7)    Rubbish management

Rubbish builds up where there are large groups of displaced people. Some agencies burn waste in pits but it can be difficult to incinerate completely while others have set up recycling projects.

Challenges: To design a low-cost, environment-friendly incinerator for rapid deployment to disaster zones. Secondly, to develop a new approach for solid waste management in camps.

8)    Groundwater mapping

There is often conflict with local communities when displaced people rely upon shared ground water supplies.

Challenge: To develop a system to map and share information about aquifers in emergencies and estimate the sustainable abstraction rate throughout the seasons.

9)    Public health risk mapping

There is little documented evidence of the public health risks in emergencies. Agencies focus on providing water and sanitation without a detailed analysis of the causes, sources and vectors of disease transmission.
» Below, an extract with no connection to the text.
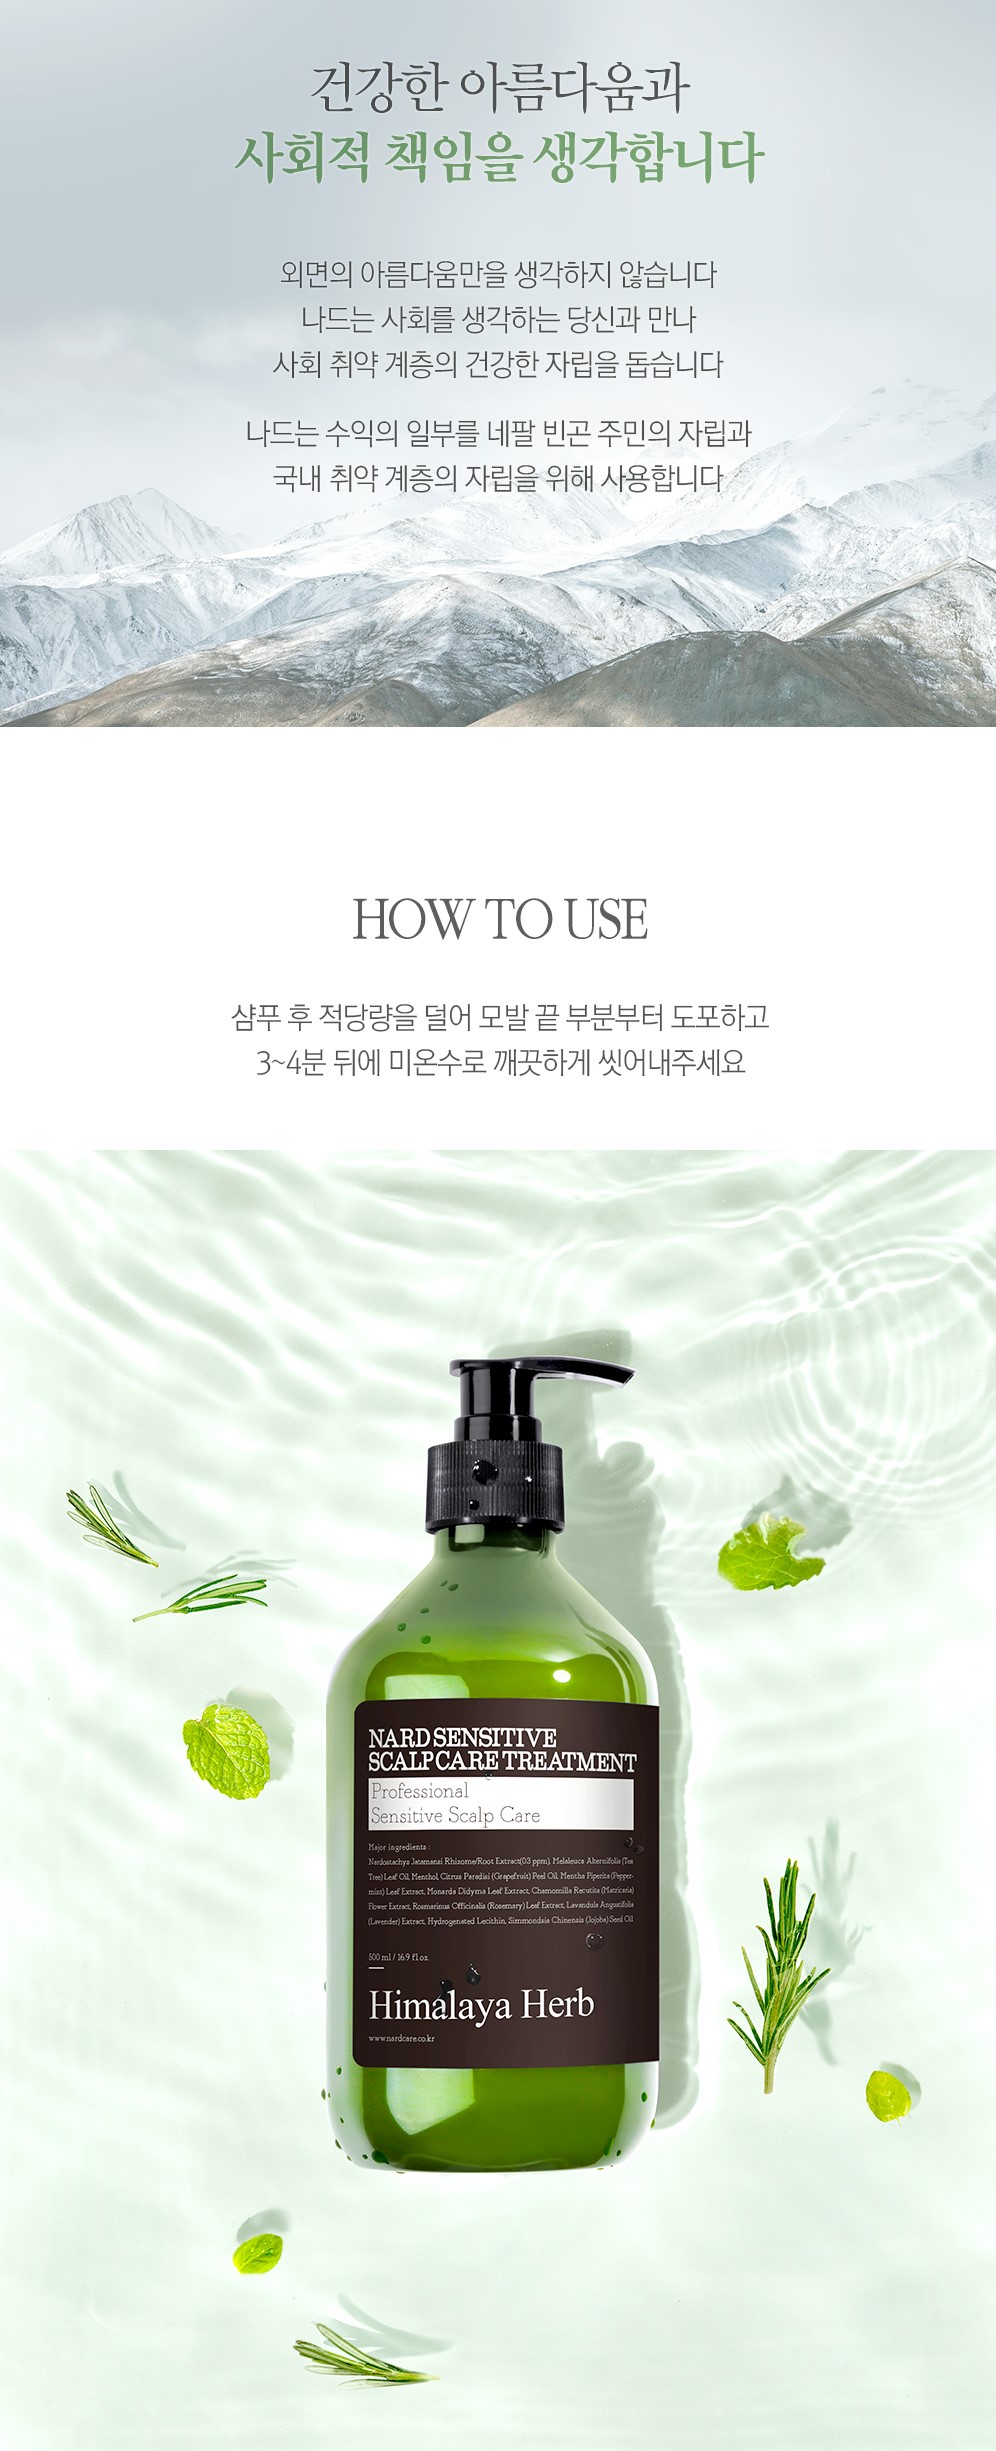 韓國食品-[Nard] 敏感頭皮專用護髮素 500ml

Challenge: To collate evidence on the impact of public health risks and design a tool to assess these risks.

10)   Marketing latrines

After disasters, people are often reluctant to invest in their own latrines because they do not see the need or cannot afford to buy construction materials.

Challenge: To promote the construction of latrines after disasters. The focus should be on comfort, convenience, avoidance of filth or promotion of social status as research shows these motivate people more than health issues.